(AIM OF THE EXERCISE): With the exception of the pictures, write out the data below precisely.

(EXERCISE DATA):

***

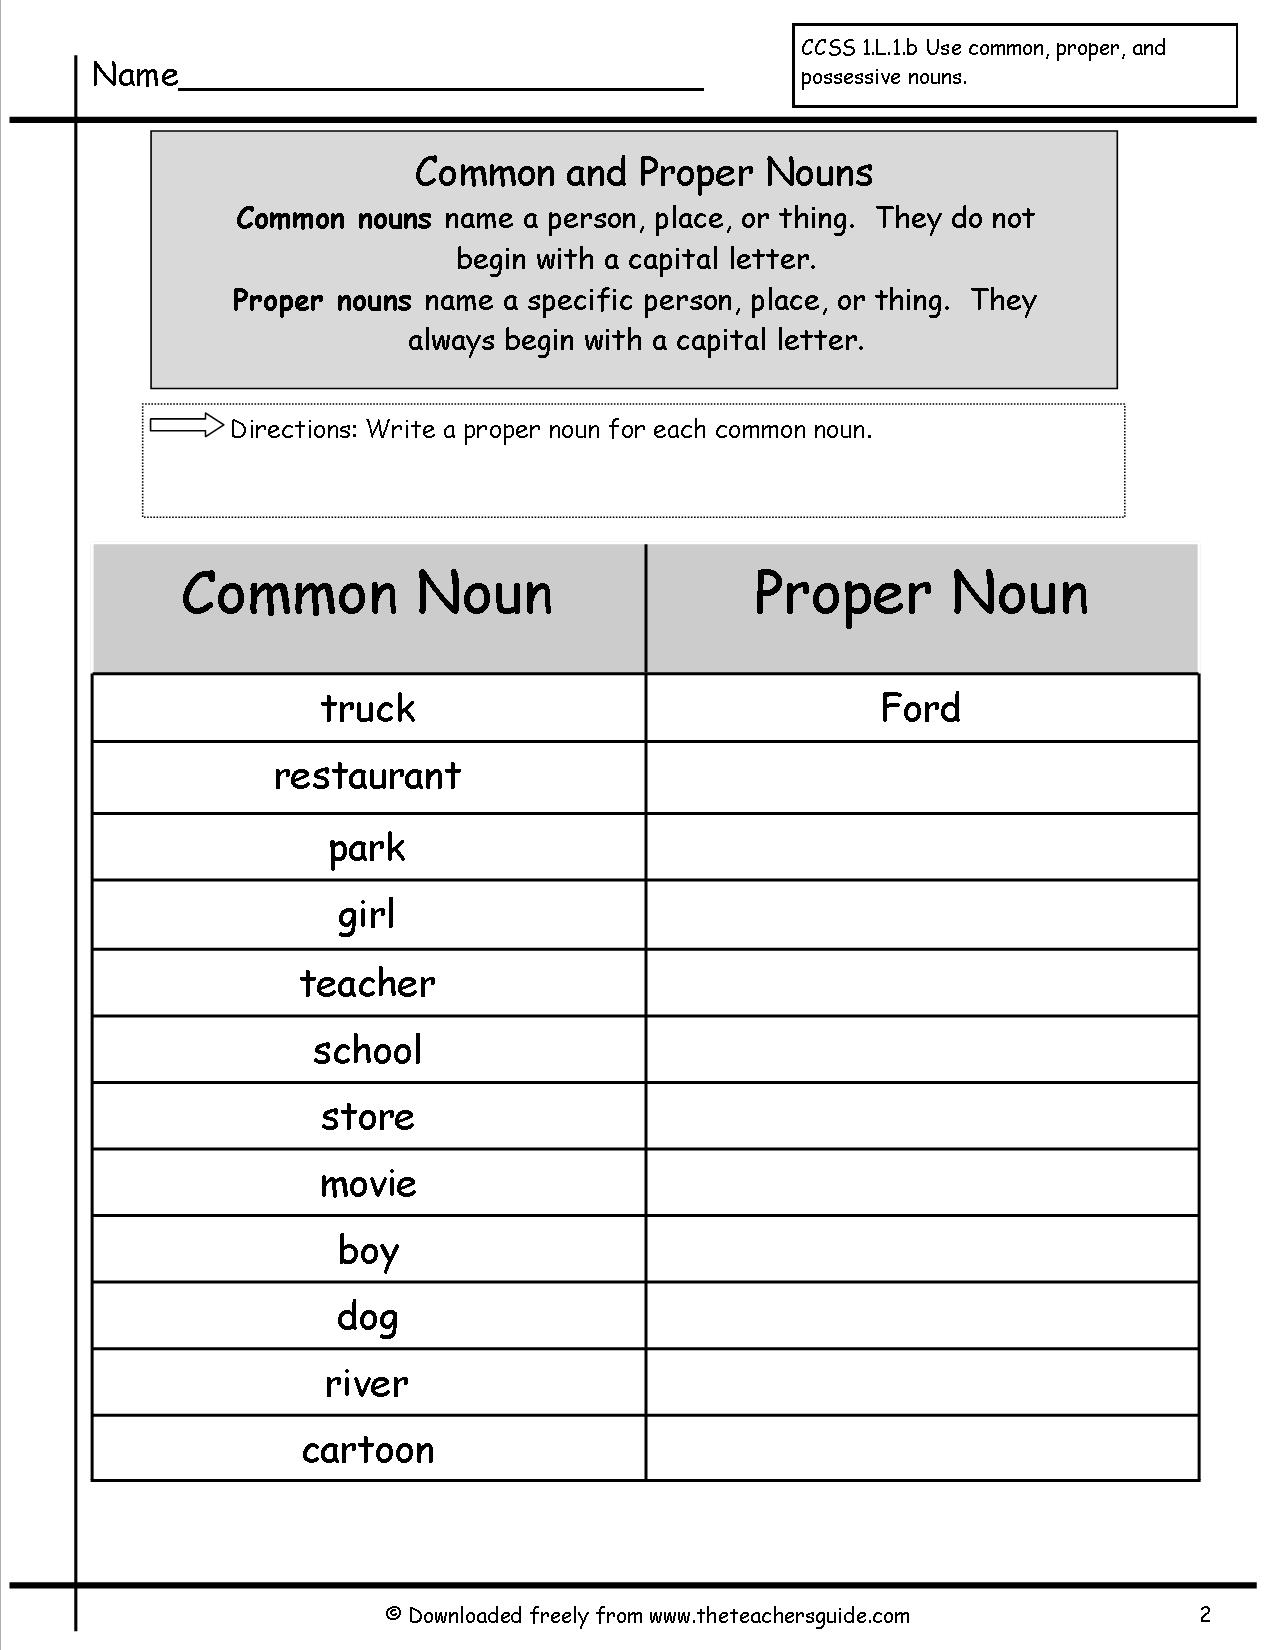 15-best-images-of-reading-worksheets-grammar-test-4th-grade-grammar
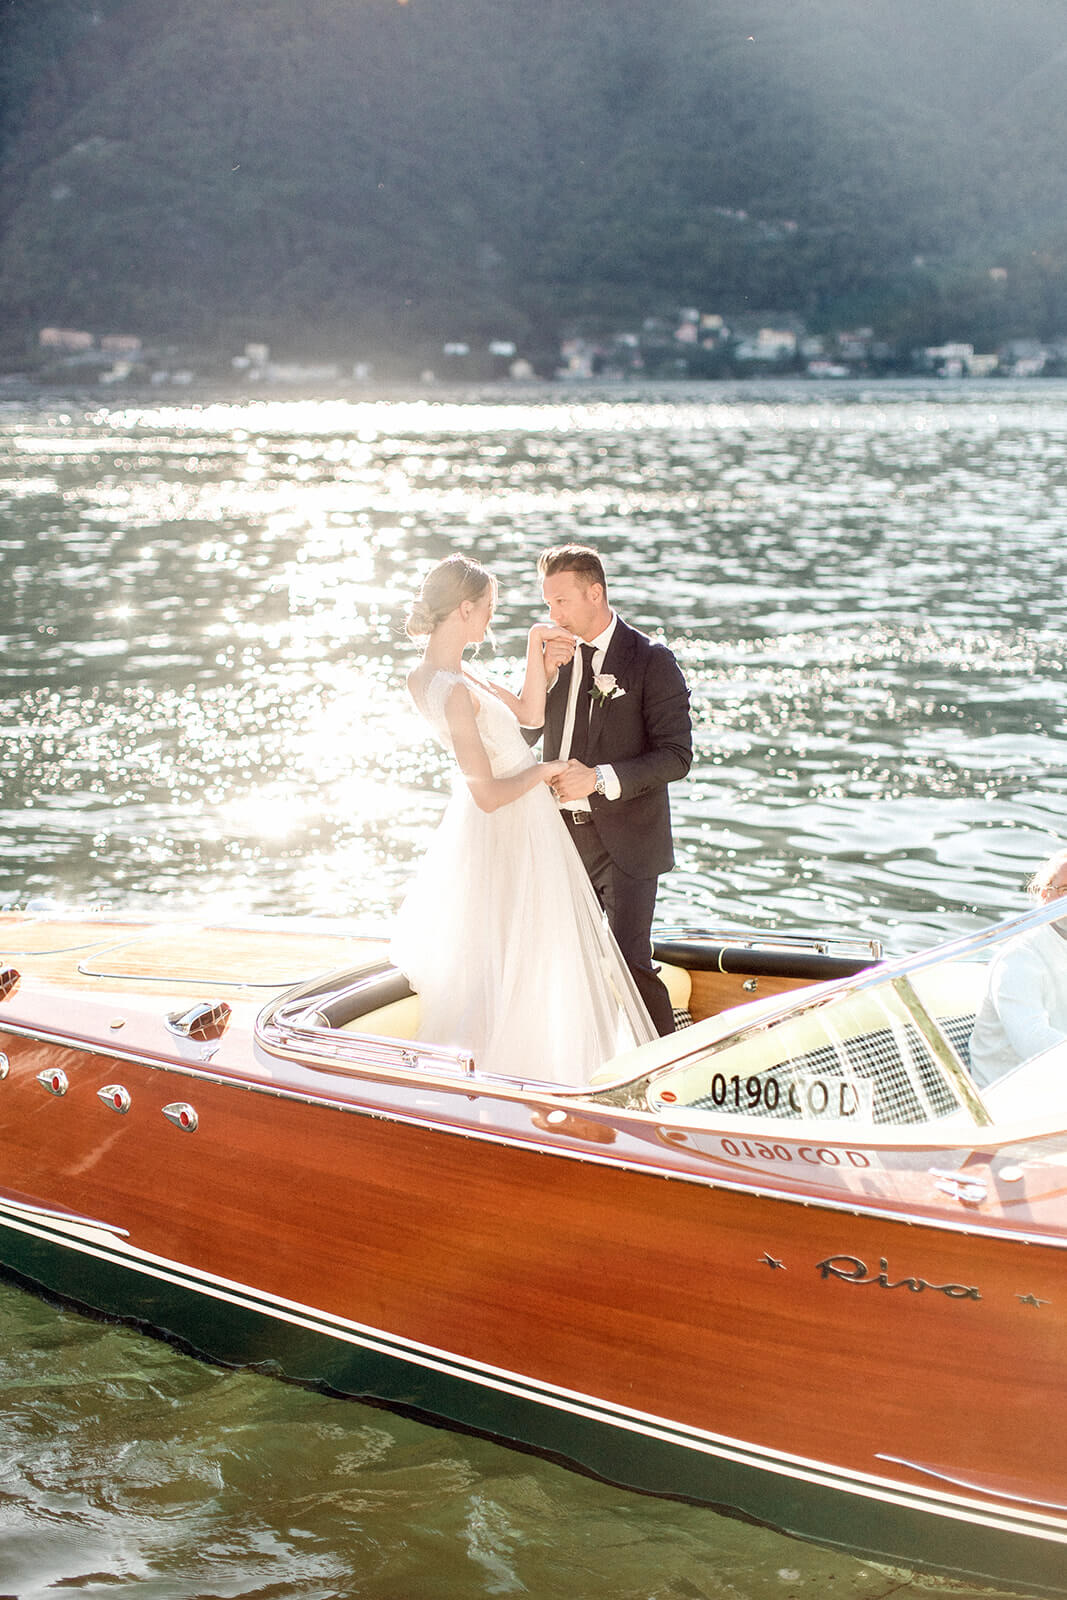 Lake como newlyweds on boat
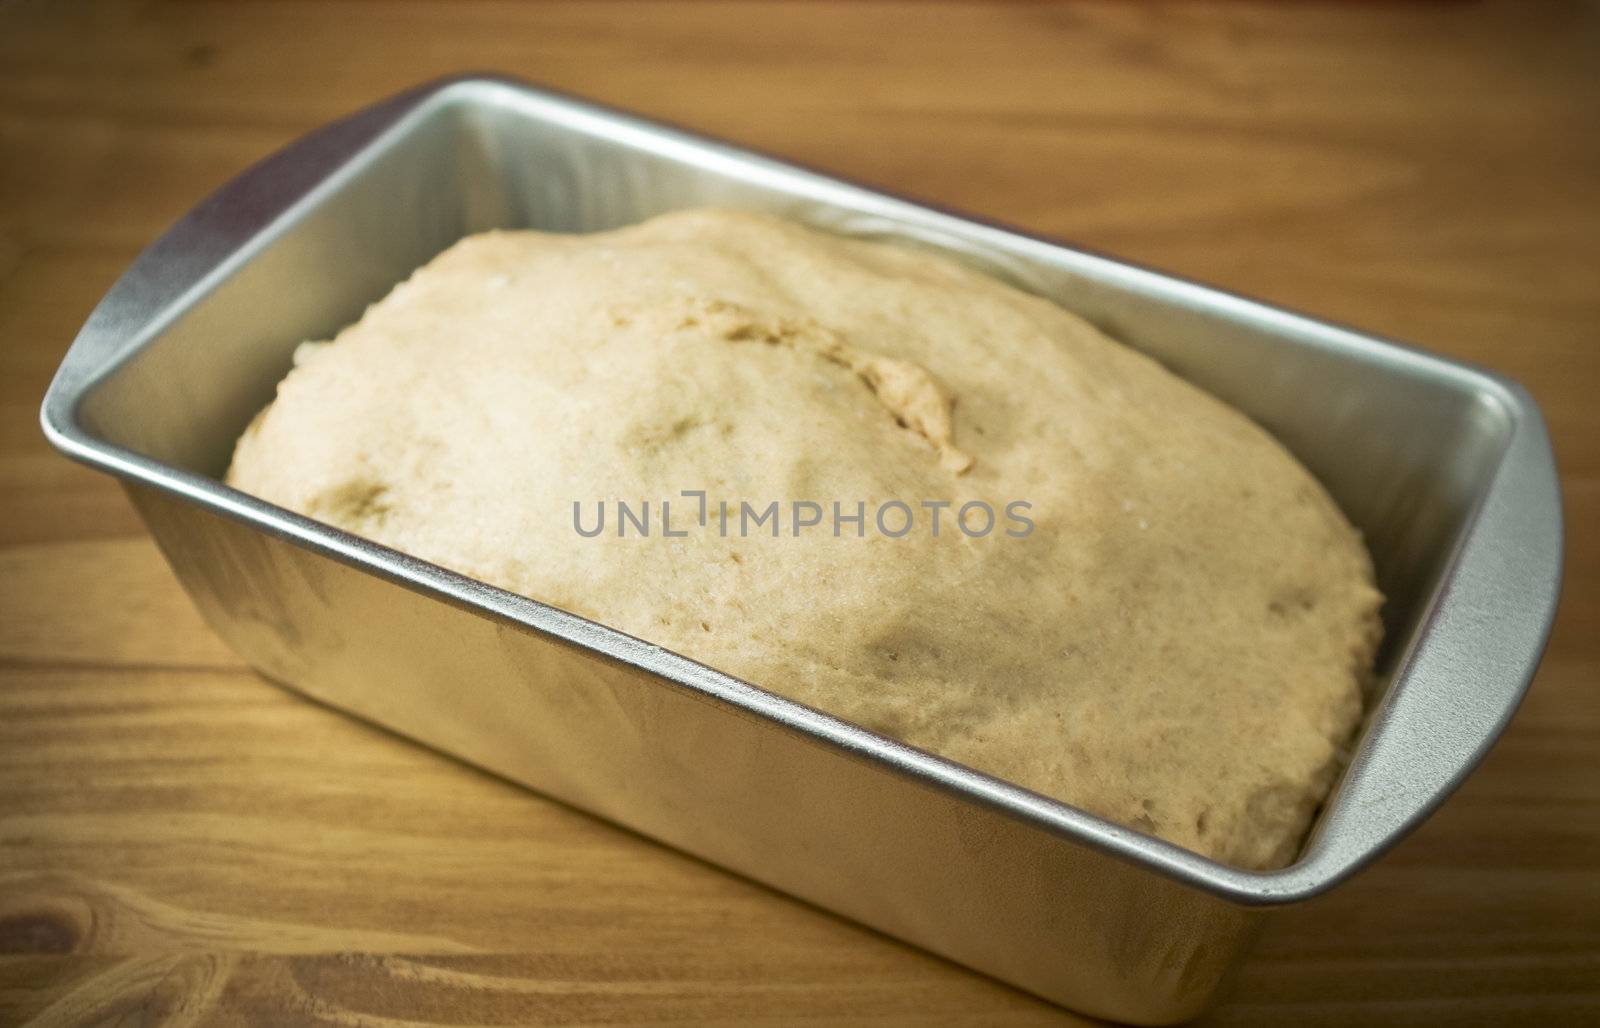 Fresh whole wheat dough in a baking pan

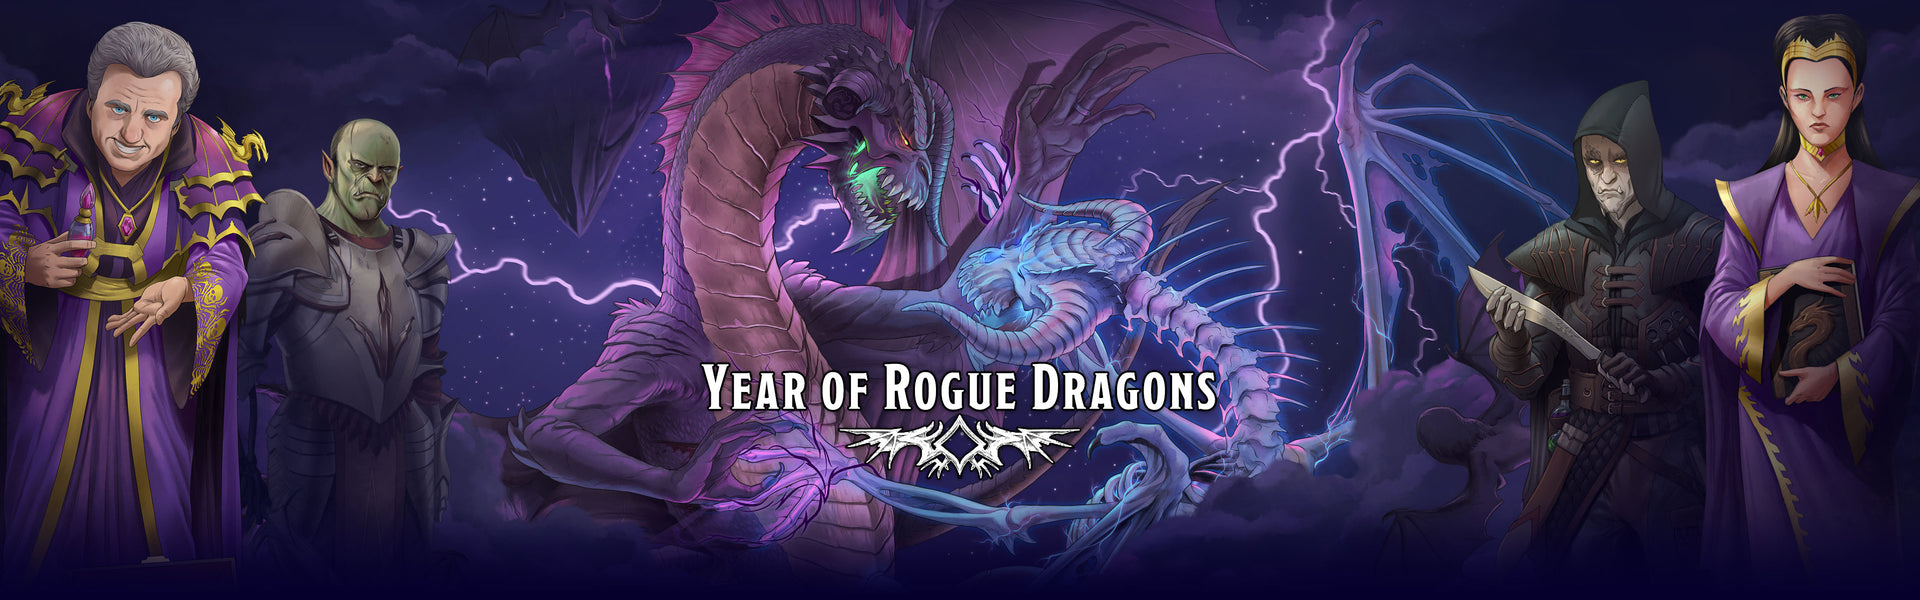 Year of Rogue Dragons

***

(SOLUTION TO THIS TASK):
 15-best-images-of-reading-worksheets-grammar-test-4th-grade-grammar
 Lake como newlyweds on boat
 Fresh whole wheat dough in a baking pan

 Year of Rogue Dragons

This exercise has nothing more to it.